You are advised to use xGPU through CCE. For details, see GPU Virtualization.

Using xGPU

The following table describes the environment variables of xGPU. When creating a container, you can specify the environment variables to configure the GPU compute and memory that a container engine can obtain using xGPU.

**Table 1** Environment variables that affect xGPU
Environment Variable	Value Type	Description	Example
GPU_IDX	Integer	Specifies the GPU that can be used by a container.	Assigning the first GPU to a container: GPU_IDX=0
GPU_CONTAINER_MEM	Integer	Specifies the size of the GPU memory that will be used by a container, in MiB.	Allocating 5,120 MiB of the GPU memory to a container: GPU_CONTAINER_MEM=5120
GPU_CONTAINER_QUOTA_PERCENT	Integer	Specifies the percentage of the GPU compute that will be allocated to a container from a GPU. The GPU compute is allocated at a granularity of 1%. It is recommended that the minimum GPU compute be greater than or equal to 4%.	Allocating 50% of the GPU compute to a container: GPU_CONTAINER_QUOTA_PERCEN=50
GPU_POLICY	Integer	Specifies the GPU compute isolation policy used by the GPU. 0: native scheduling.
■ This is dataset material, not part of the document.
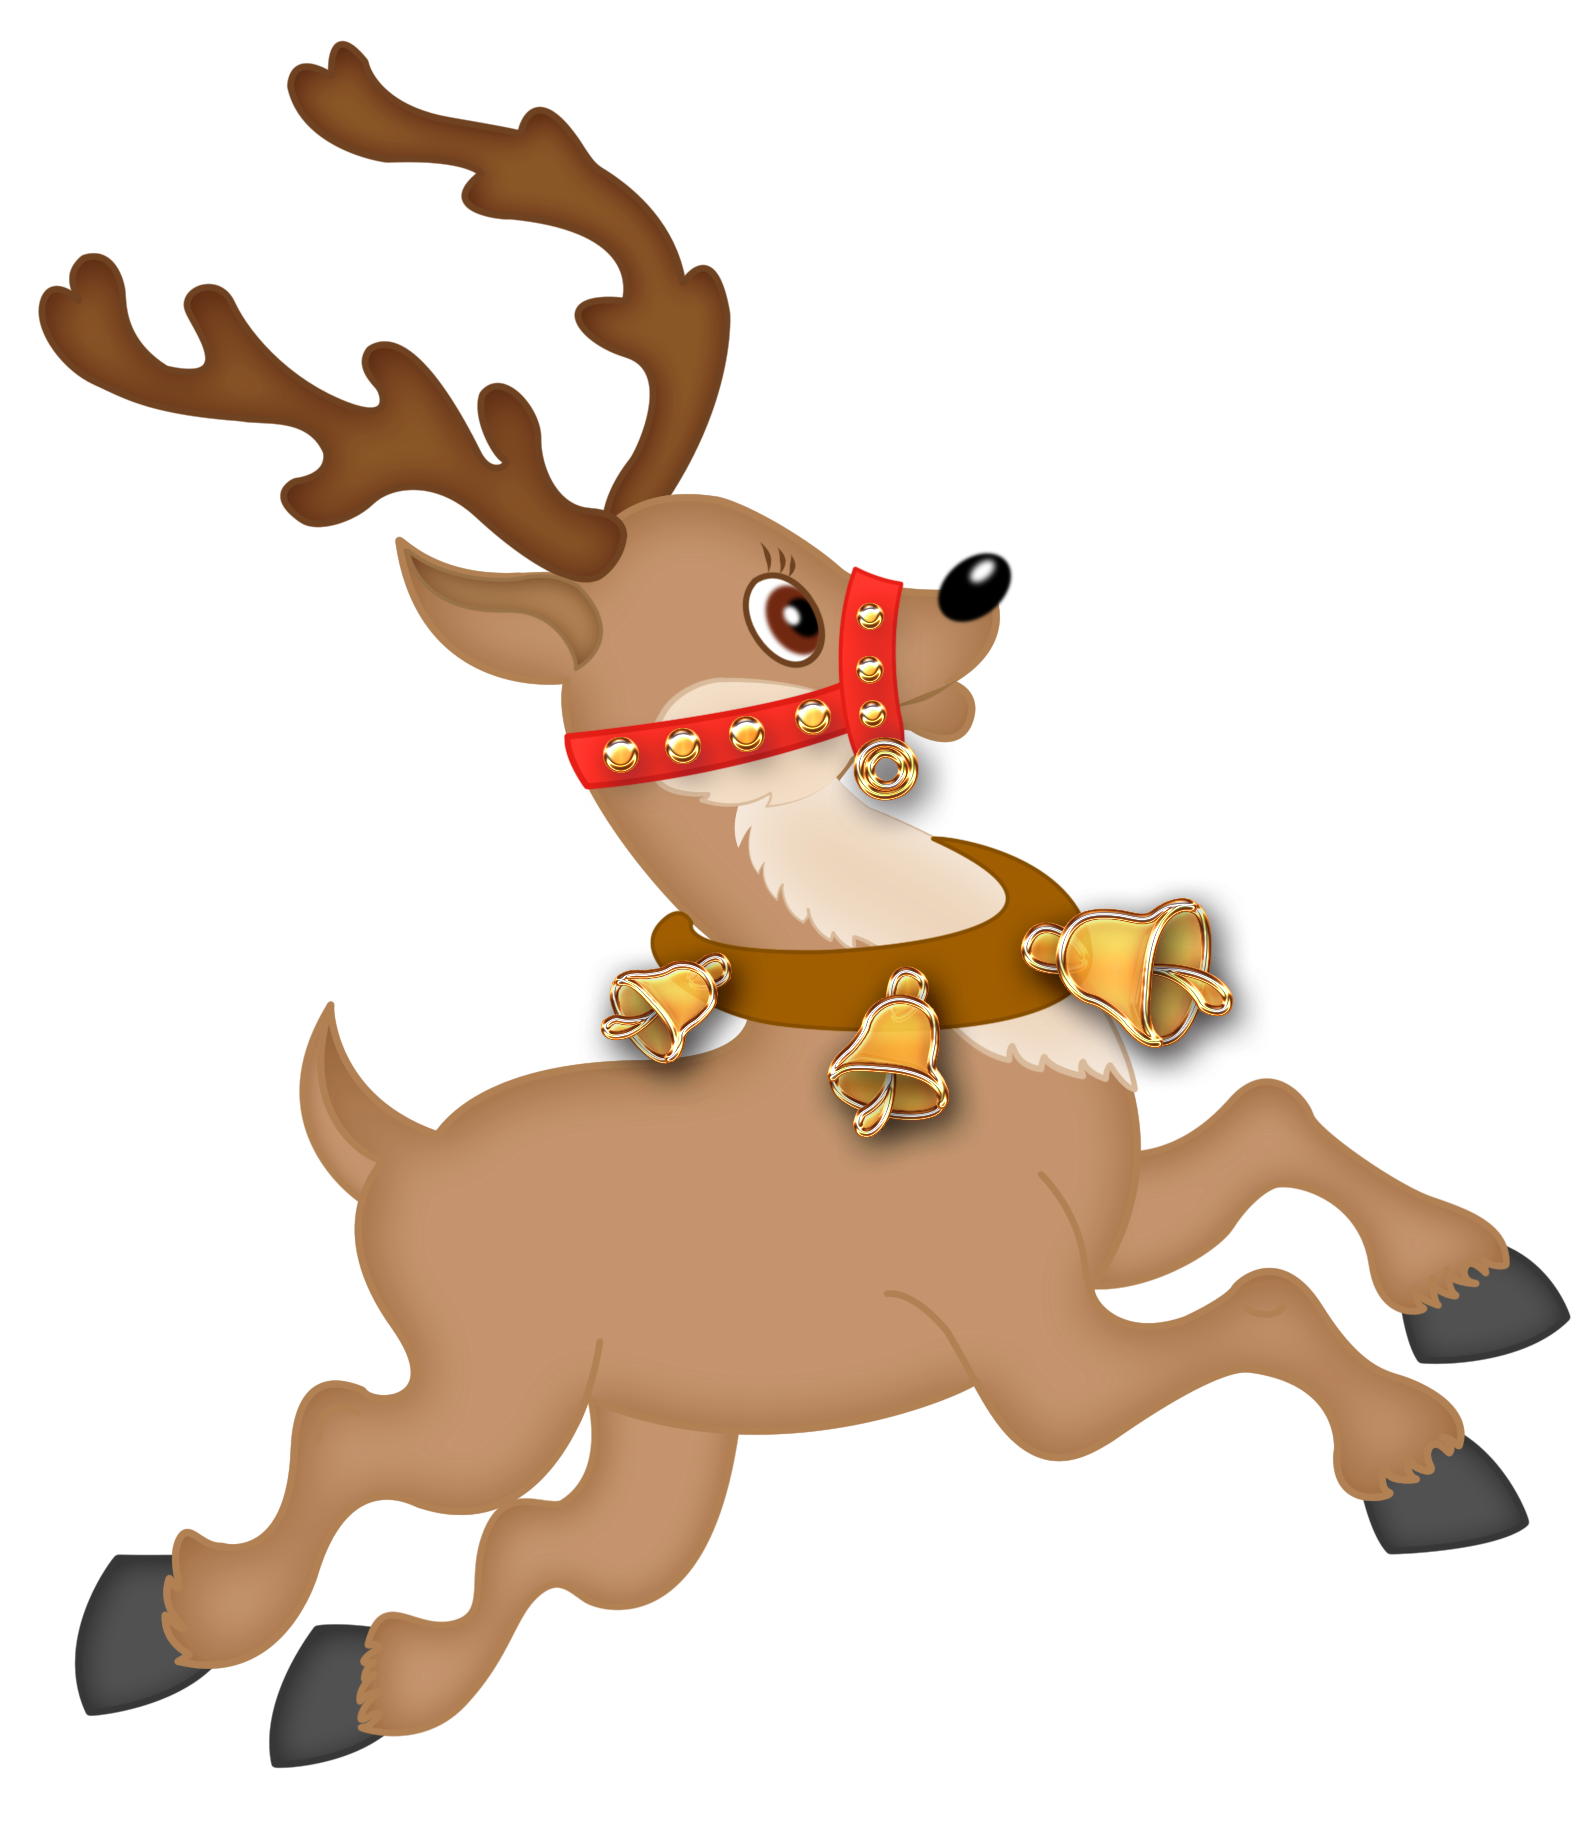 Cute Reindeer Png Clipart Png-Cute Reindeer Png Clipart Png-3
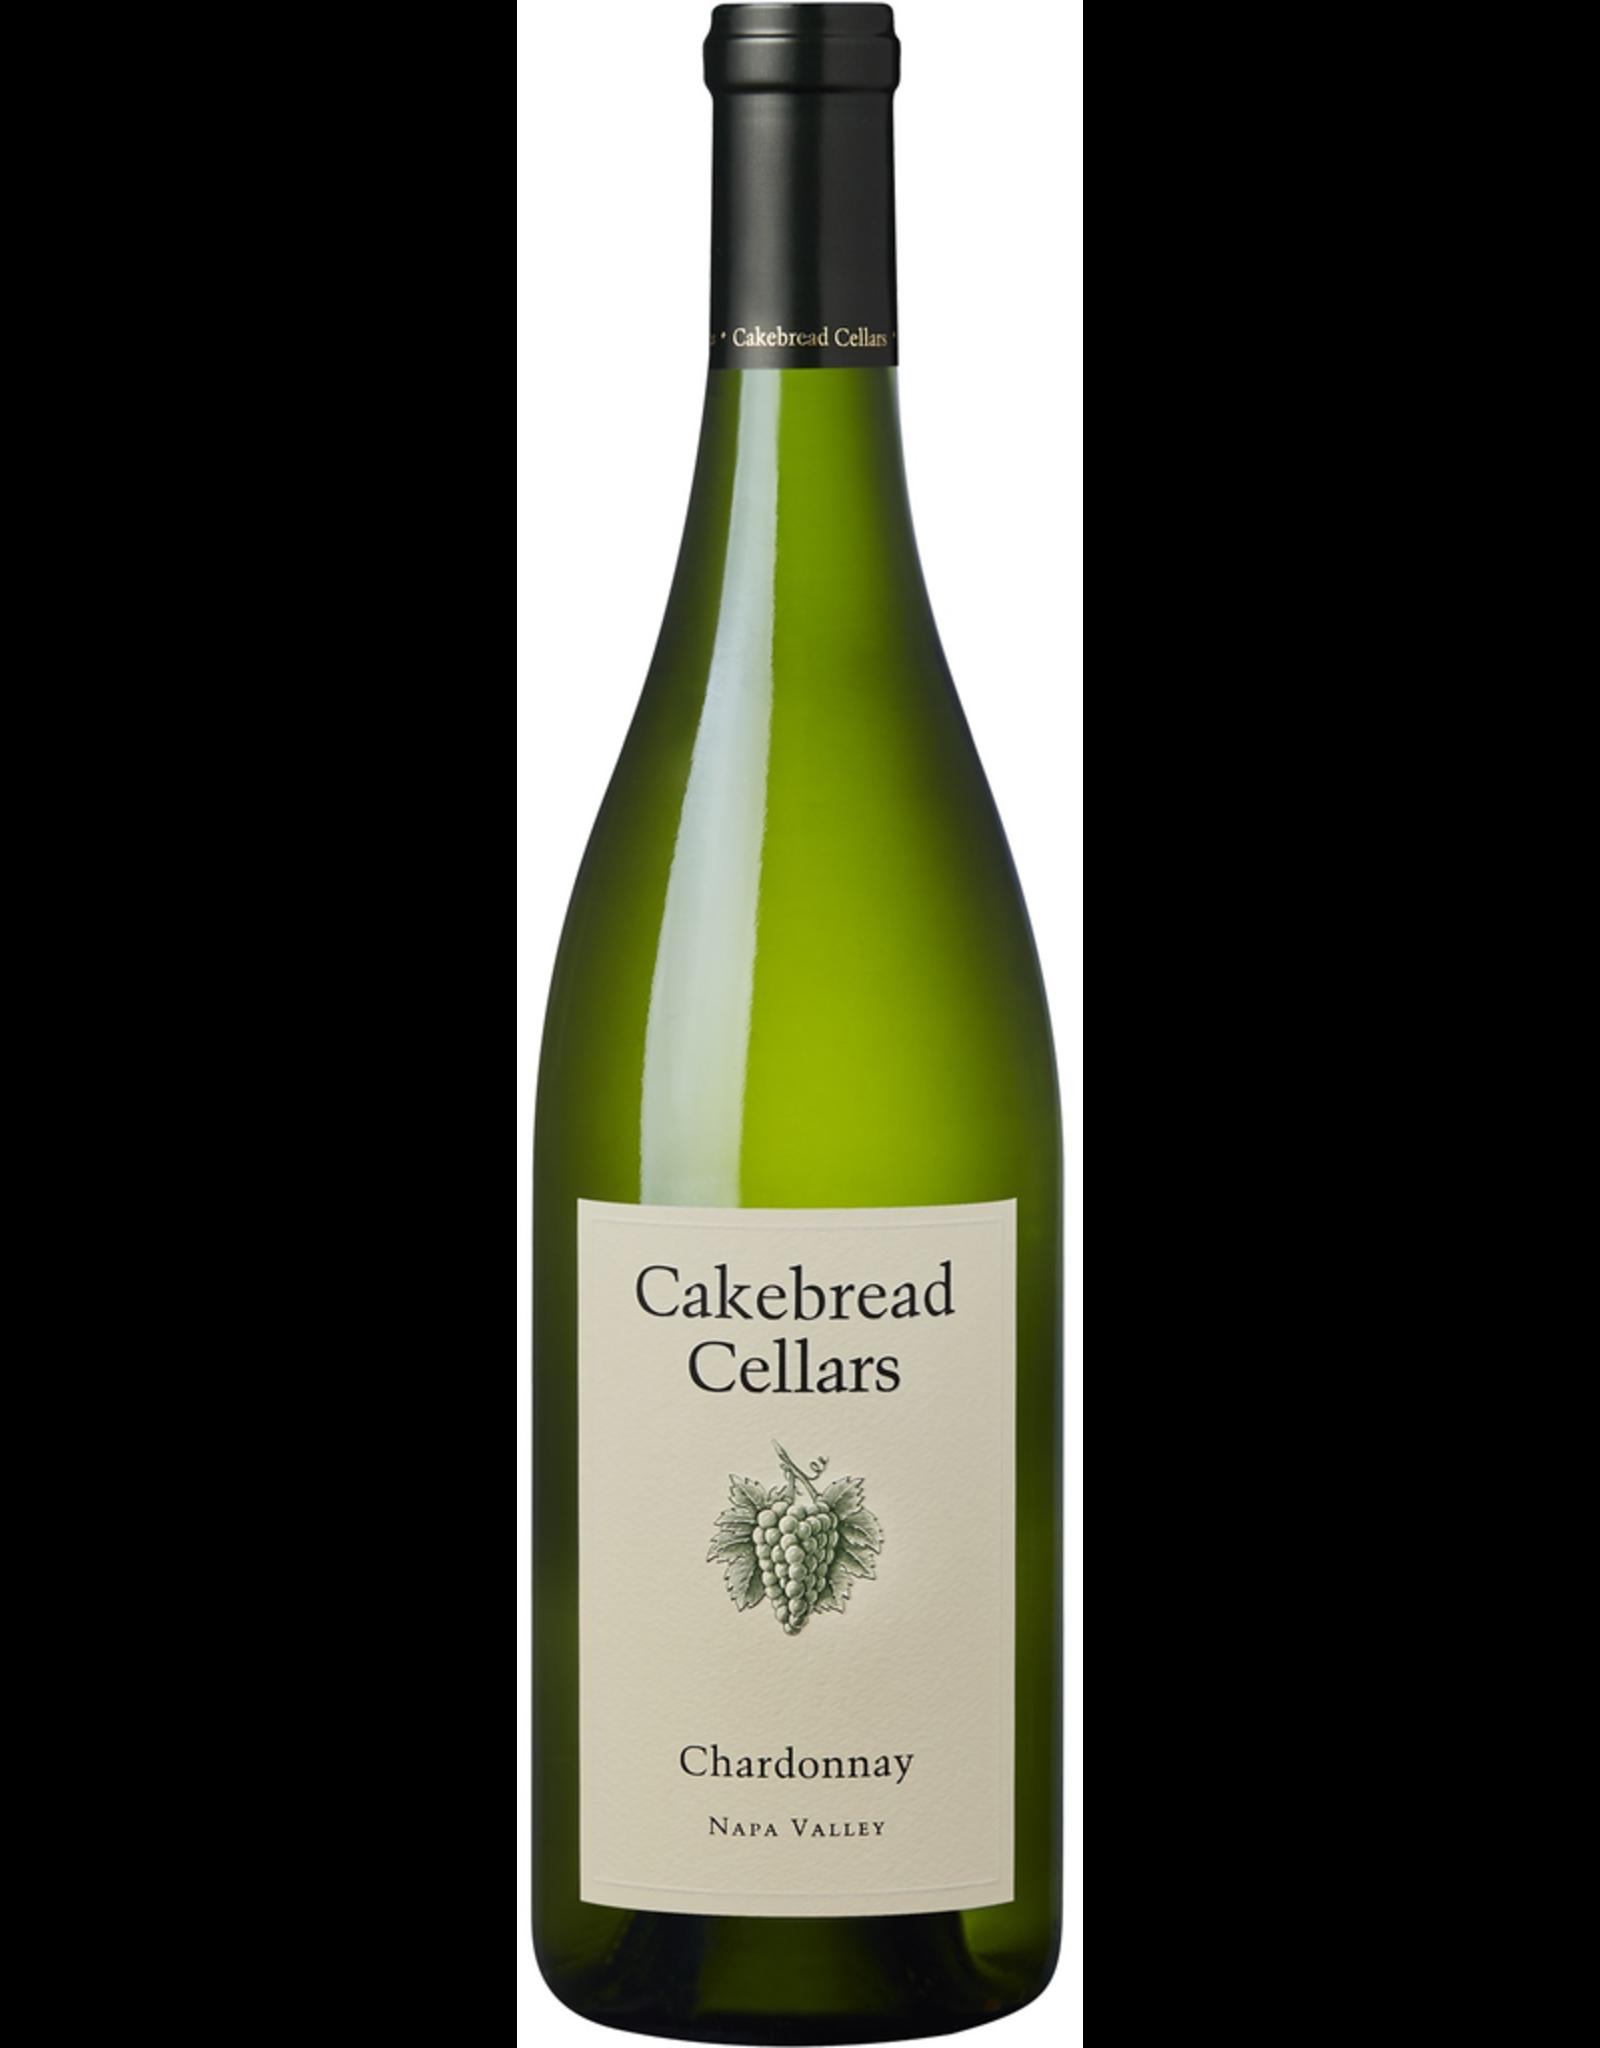 White Wine 2018, Cakebread Cellars, Chardonnay, Napa Valley, Napa, California, 13.7% Alc, CTnr, RP90

The GPU compute is not isolated. 1: fixed scheduling 2: average scheduling 3: preemptive scheduling 4: weight-based preemptive scheduling 5: hybrid scheduling 6: weighted scheduling For details, see GPU Compute Scheduling Examples.	Setting the GPU compute isolation policy to fixed scheduling: GPU_POLICY=1
GPU_CONTAINER_PRIORITY	Integer	Specifies the priority of a container. 0: low priority 1: high priority	Creating a high-priority container: GPU_CONTAINER_PRIORITY=1

The following example describes how you can use xGPU to allow two NVIDIA-Docker containers to share one GPU.

**Table 2** Data planning
Parameter	Container 1	Container 2	Description
GPU_IDX	0	0	Two containers use the first GPU.
GPU_CONTAINER_QUOTA_PERCENT	50	30	Allocate 50% of GPU compute to container 1 and 30% of GPU compute to container 2.
GPU_CONTAINER_MEM	5120	1024	Allocate 5,120 MiB of the GPU memory to container 1 and 1,024 MiB of the GPU memory to container 2.
GPU_POLICY	1	1	Set the first GPU to use fixed scheduling.
GPU_CONTAINER_PRIORITY	1	0	Give container 1 a high priority and container 2 a low priority.

Example:

docker run --rm -it --runtime=nvidia -e GPU_CONTAINER_QUOTA_PERCENT=50 -e GPU_CONTAINER_MEM=5120 -e GPU_IDX=0 -e GPU_POLICY=1 -e GPU_CONTAINER_PRIORITY=1 --shm-size 16g -v /mnt/:/mnt nvcr.io/nvidia/tensorrt:19.07-py3 bash 
docker run --rm -it --runtime=nvidia -e GPU_CONTAINER_QUOTA_PERCENT=30 -e GPU_CONTAINER_MEM=1024 -e GPU_IDX=0 -e GPU_POLICY=1 -e GPU_CONTAINER_PRIORITY=0 --shm-size 16g -v /mnt/:/mnt nvcr.io/nvidia/tensorrt:19.07-py3 bash

Viewing procfs Directory

At runtime, xGPU generates and manages multiple proc file systems (procfs) in the /proc/xgpu directory. The following are operations for you to view xGPU information and configure xGPU settings.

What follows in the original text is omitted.